Teaching Beckett is frightening. Teaching Beckett at the Southbank centre, in the QEH hall, as part of the groundbreaking Rest is Noise festival, at a free evening study course open to the general public for free is even more so. Teaching alongside Tom Service and Charlottle de Ville, even more so yet again. But it went proper well, a small generous group of people, amazing support staff at the Southbank, and my focus on the ethical engagement /disengagement of Beckett through paradox and disjunction in language was well received, not having the skill or expertise to make a proper ham of historical fact or textual analysis. I just waffled with purpose and read excerpts from Worstward ho! It could hardly go wrong. Charlotte and Tom were both inspiring to hear, I genuinely spent hours after the evening, which felt an easy 150 minutes (!) researching what they were speaking about. I hadn’t come across Tom Service before, but his work is really amazing with the BBC radio and the guardian, and I was at Wigmore hall just a few days later, rediscovering my discovery of classical music.

Rest is Noise festival - on Thomas Bernhard & the Black Mountain college

A day of two halves. The first, a bite talk, 15 minutes on Thomas Bernhard. It was a failed experiment. I overwrote the content, wanting it to be so good because of the passion I have for Bernhard, and was far too loyal to the text. I was boring. The art of lecturing is a practice I am engaged in learning. You learn more from a 'loss' I suppose.

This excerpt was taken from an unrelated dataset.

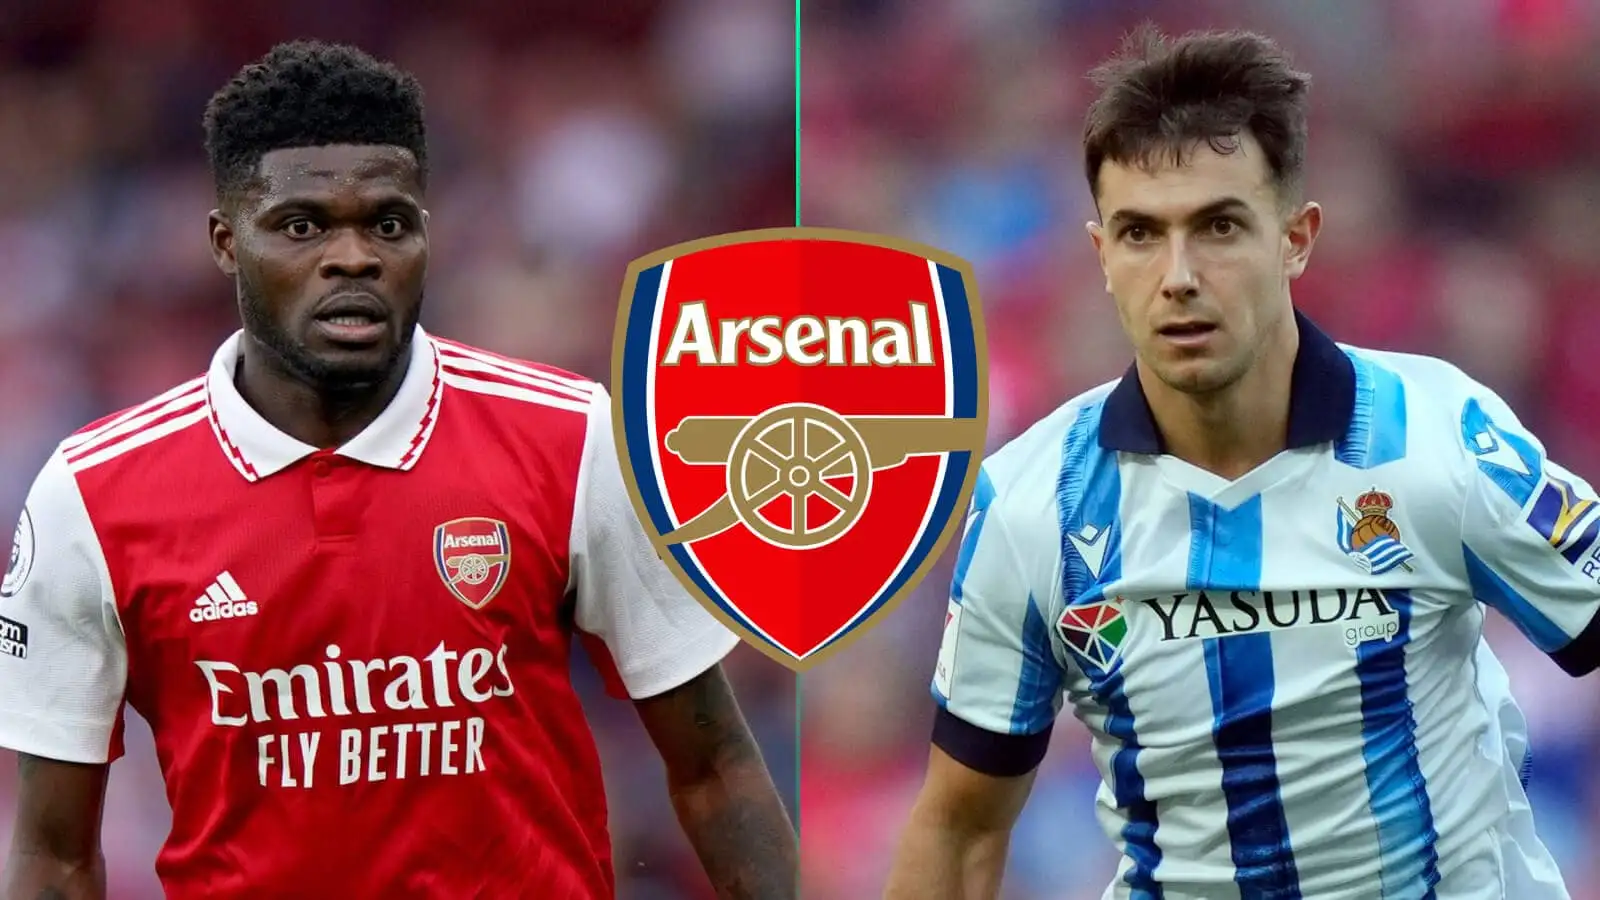 Thomas Partey and Martin Zubimendi either side of the Arsenal badge

Still annoying to speak so poorly about an author I love so much, and if anyone stayed awake through my monotone the actual content had some moments of insight I hope. / I then went on to chair a panel on the Black Mountain college with Alyce Mahon from Cambridge Uni, and my old friends Tim Atkins and Peter Jaeger. It was a brilliant hour, fluid, insightful and balanced. Each speaker brought information from differing perspectives, and were all very generous with their thoughts. Peter offered real insight into John Cage and Zen, Alyce opened up the history of the school with its creative spark offset by administrative suicide, and Tim told everyone that poets killed the college. The list of alumni or teaching staff is unbelievable - Duncan, Olsen, Williams, Cage, Cunningham, Albers, Twombly, Creeley, de Kooning, Rauschenberg, Dorn. The questions were also very positive, and we ended up talking about the modern state of the education system and how restricted it is, against such a hotbed of radical innovation and collaboration as the BMC. / The rest is noise is an awesome opportunity to open up so many discussions that rarely get such a platform. Next up, Walter Abish and Jack Spicer in November

Rest is Noise festival, Britten weekend - on post-war avant-garde British poetry & BS Johnson, and witnessing Anthony Blee

I was especially frightened by these two lectures. The bites format of 15 minutes is as engaging for the audience as it is troubling for the speaker, and these talks would have a fine audience indeed being a part of the Southbank centre's remarkable recapturing of 20th century cultural history through the Rest is Noise festival. Judging how deep to go, or what to cover, becomes a serious issue, and my two talks were on things very close to my heart. I felt a responsibility to do them justice.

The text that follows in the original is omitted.